- _Brief_
The lines below from the one with "Chaque semaine, vous" up to and including the one with "生活の木 ブレンドエッセンシャルオイル ワンダリングシトラス 5ml" are what you should set down, exactly and without pictures.

- _Extracted material_
##########
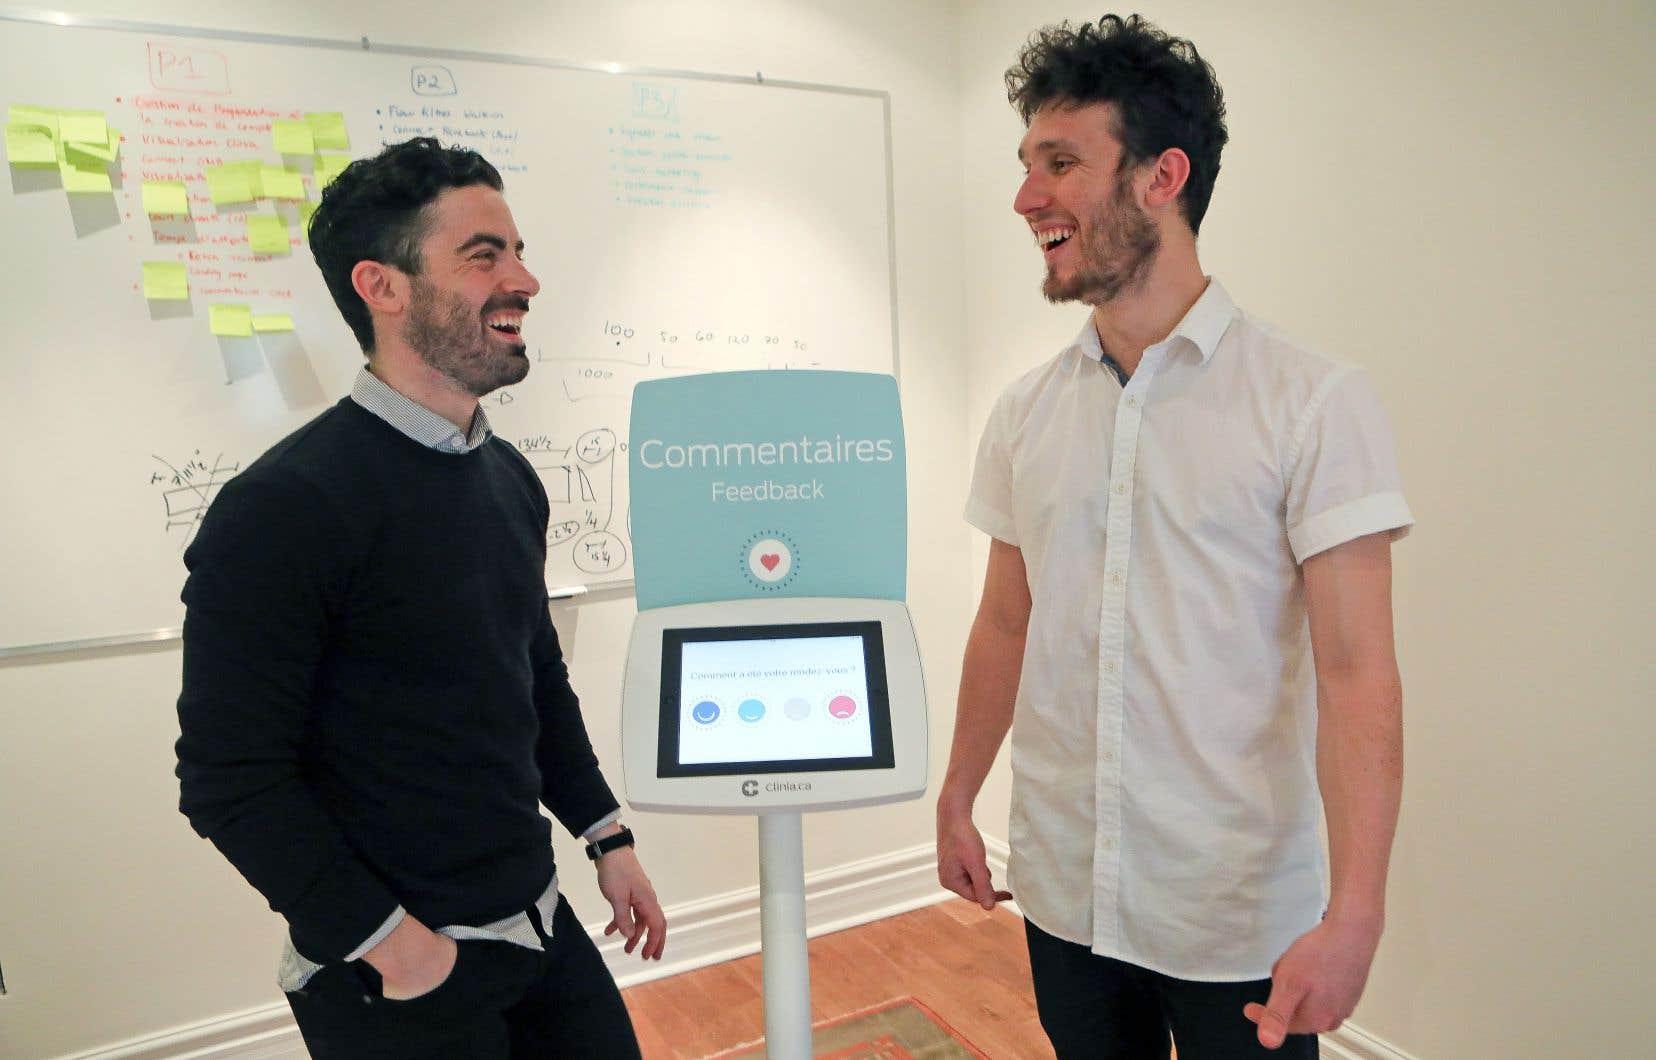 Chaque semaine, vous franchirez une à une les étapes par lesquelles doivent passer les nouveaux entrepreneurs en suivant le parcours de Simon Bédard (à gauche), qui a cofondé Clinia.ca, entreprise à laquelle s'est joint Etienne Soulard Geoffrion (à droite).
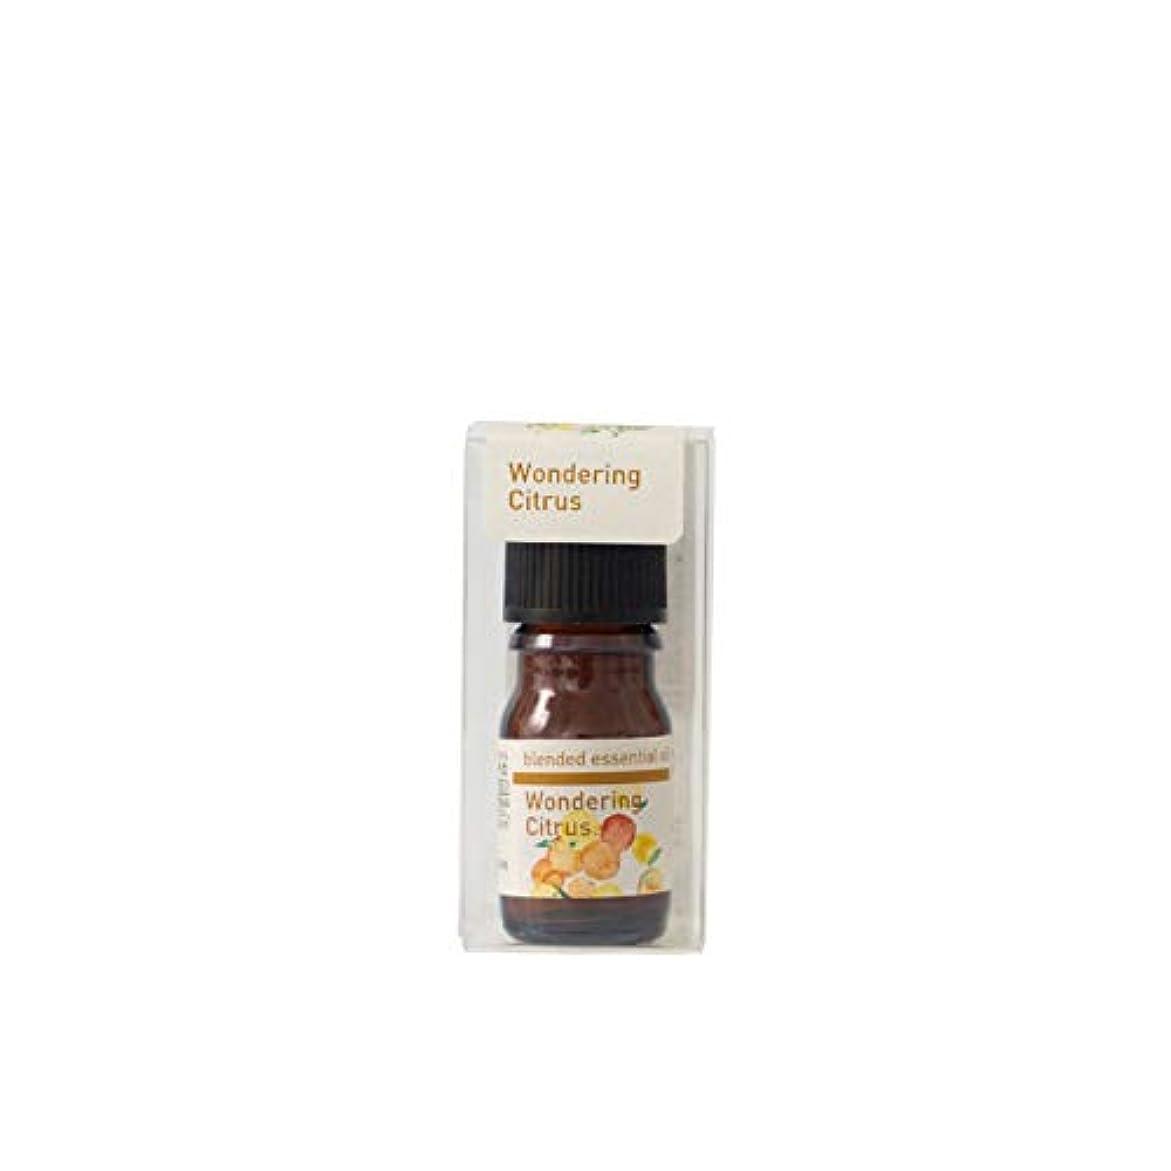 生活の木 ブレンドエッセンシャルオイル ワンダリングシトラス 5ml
##########
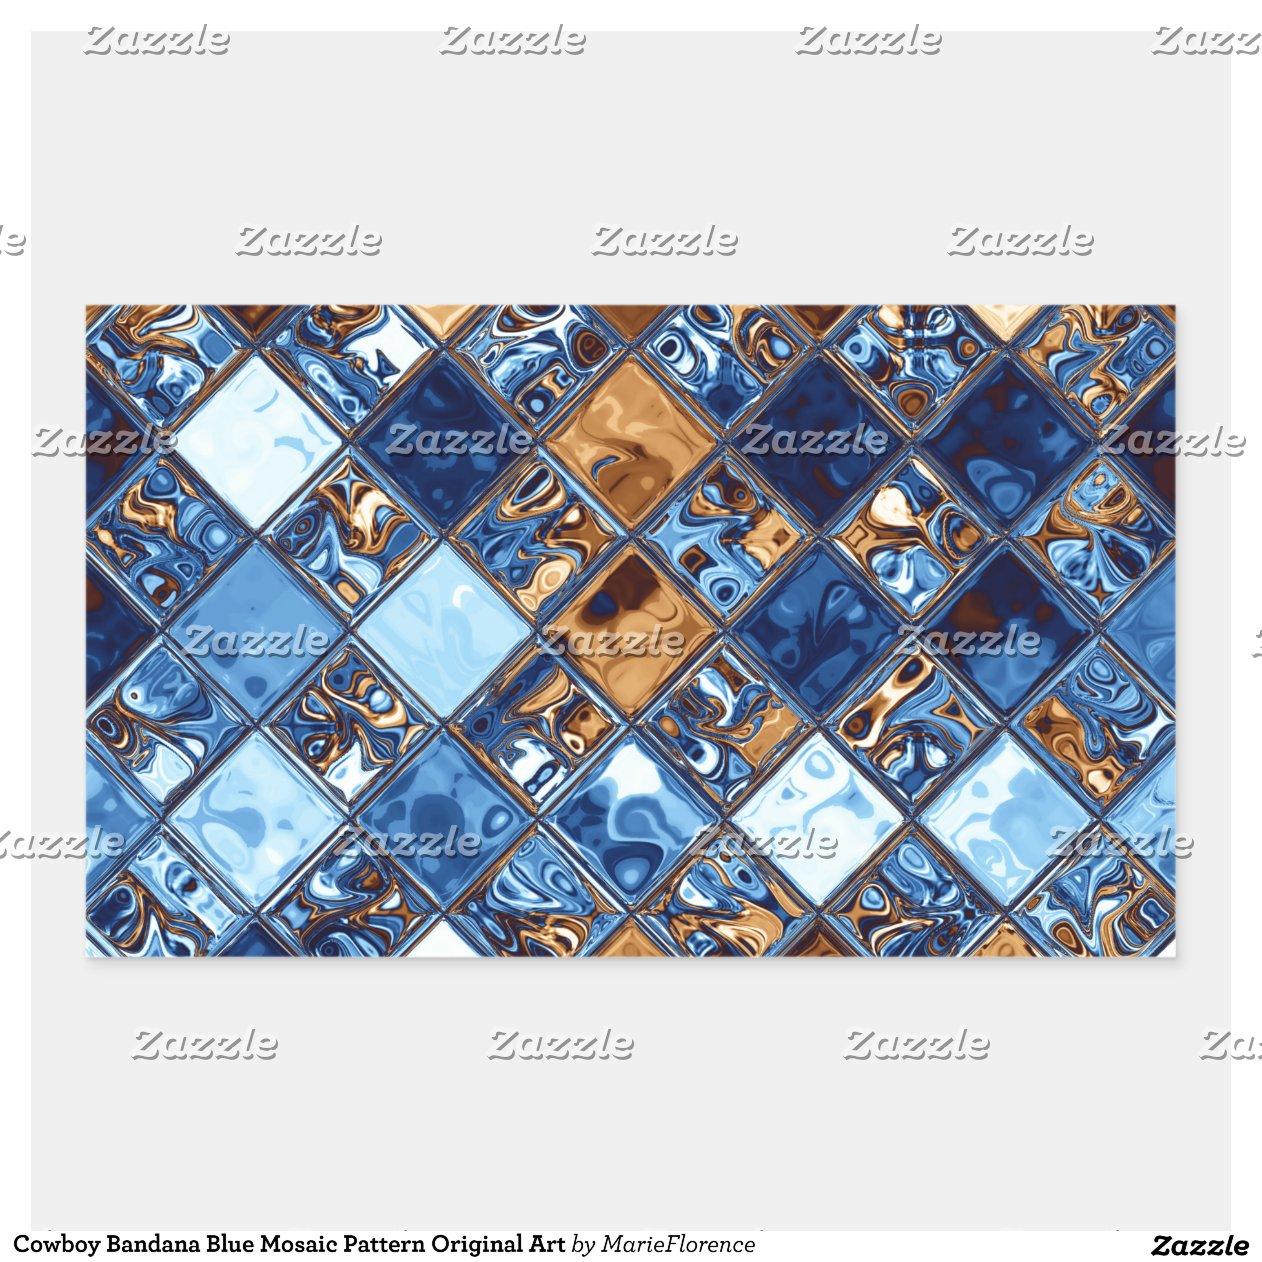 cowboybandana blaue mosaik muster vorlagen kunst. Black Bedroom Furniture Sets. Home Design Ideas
##########
- _Response to the exercise_
 Chaque semaine, vous franchirez une à une les étapes par lesquelles doivent passer les nouveaux entrepreneurs en suivant le parcours de Simon Bédard (à gauche), qui a cofondé Clinia.ca, entreprise à laquelle s'est joint Etienne Soulard Geoffrion (à droite).
 生活の木 ブレンドエッセンシャルオイル ワンダリングシトラス 5ml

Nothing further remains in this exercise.